WHAT THIS TASK INVOLVES
Pick each line that has "цвет" out of the records.

SUPPLIED MATERIAL
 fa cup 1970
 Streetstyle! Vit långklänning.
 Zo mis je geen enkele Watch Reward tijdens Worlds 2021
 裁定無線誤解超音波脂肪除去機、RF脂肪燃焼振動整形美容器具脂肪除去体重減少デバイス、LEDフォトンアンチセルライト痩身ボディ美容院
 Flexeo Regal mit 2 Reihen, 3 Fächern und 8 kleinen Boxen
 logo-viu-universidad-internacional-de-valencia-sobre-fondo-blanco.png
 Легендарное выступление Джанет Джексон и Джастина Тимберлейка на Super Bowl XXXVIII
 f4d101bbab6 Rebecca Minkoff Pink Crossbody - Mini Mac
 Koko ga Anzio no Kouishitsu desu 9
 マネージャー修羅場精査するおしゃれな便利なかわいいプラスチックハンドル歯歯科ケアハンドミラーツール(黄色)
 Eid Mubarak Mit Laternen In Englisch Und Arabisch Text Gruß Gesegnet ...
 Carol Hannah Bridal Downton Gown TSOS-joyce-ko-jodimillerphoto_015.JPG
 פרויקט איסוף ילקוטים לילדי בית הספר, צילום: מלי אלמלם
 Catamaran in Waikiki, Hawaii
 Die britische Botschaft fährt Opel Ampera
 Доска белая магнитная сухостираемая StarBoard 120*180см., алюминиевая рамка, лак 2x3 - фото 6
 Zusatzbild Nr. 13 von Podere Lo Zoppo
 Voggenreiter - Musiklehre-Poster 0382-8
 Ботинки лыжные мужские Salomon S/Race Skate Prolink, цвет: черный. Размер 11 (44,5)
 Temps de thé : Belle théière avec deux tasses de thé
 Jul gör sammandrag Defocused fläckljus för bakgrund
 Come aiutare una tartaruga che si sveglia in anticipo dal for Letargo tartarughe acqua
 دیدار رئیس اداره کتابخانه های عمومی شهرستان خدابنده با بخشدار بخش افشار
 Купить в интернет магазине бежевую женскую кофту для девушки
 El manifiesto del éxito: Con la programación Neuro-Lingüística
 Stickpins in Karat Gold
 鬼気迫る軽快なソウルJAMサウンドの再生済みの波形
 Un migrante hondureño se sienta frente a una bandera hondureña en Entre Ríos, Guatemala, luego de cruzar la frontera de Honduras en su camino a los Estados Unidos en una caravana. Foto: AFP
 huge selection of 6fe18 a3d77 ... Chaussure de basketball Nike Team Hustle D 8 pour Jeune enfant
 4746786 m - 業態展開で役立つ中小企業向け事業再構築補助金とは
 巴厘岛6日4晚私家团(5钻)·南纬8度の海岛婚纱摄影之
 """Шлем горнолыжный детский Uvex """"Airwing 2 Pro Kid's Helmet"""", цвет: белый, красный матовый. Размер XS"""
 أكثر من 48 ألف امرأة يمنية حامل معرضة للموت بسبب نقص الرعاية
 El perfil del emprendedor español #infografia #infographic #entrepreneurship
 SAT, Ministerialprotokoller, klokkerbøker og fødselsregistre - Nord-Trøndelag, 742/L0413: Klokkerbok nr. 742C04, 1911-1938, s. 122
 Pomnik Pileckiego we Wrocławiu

ANSWER
 Ботинки лыжные мужские Salomon S/Race Skate Prolink, цвет: черный. Размер 11 (44,5)
 """Шлем горнолыжный детский Uvex """"Airwing 2 Pro Kid's Helmet"""", цвет: белый, красный матовый. Размер XS"""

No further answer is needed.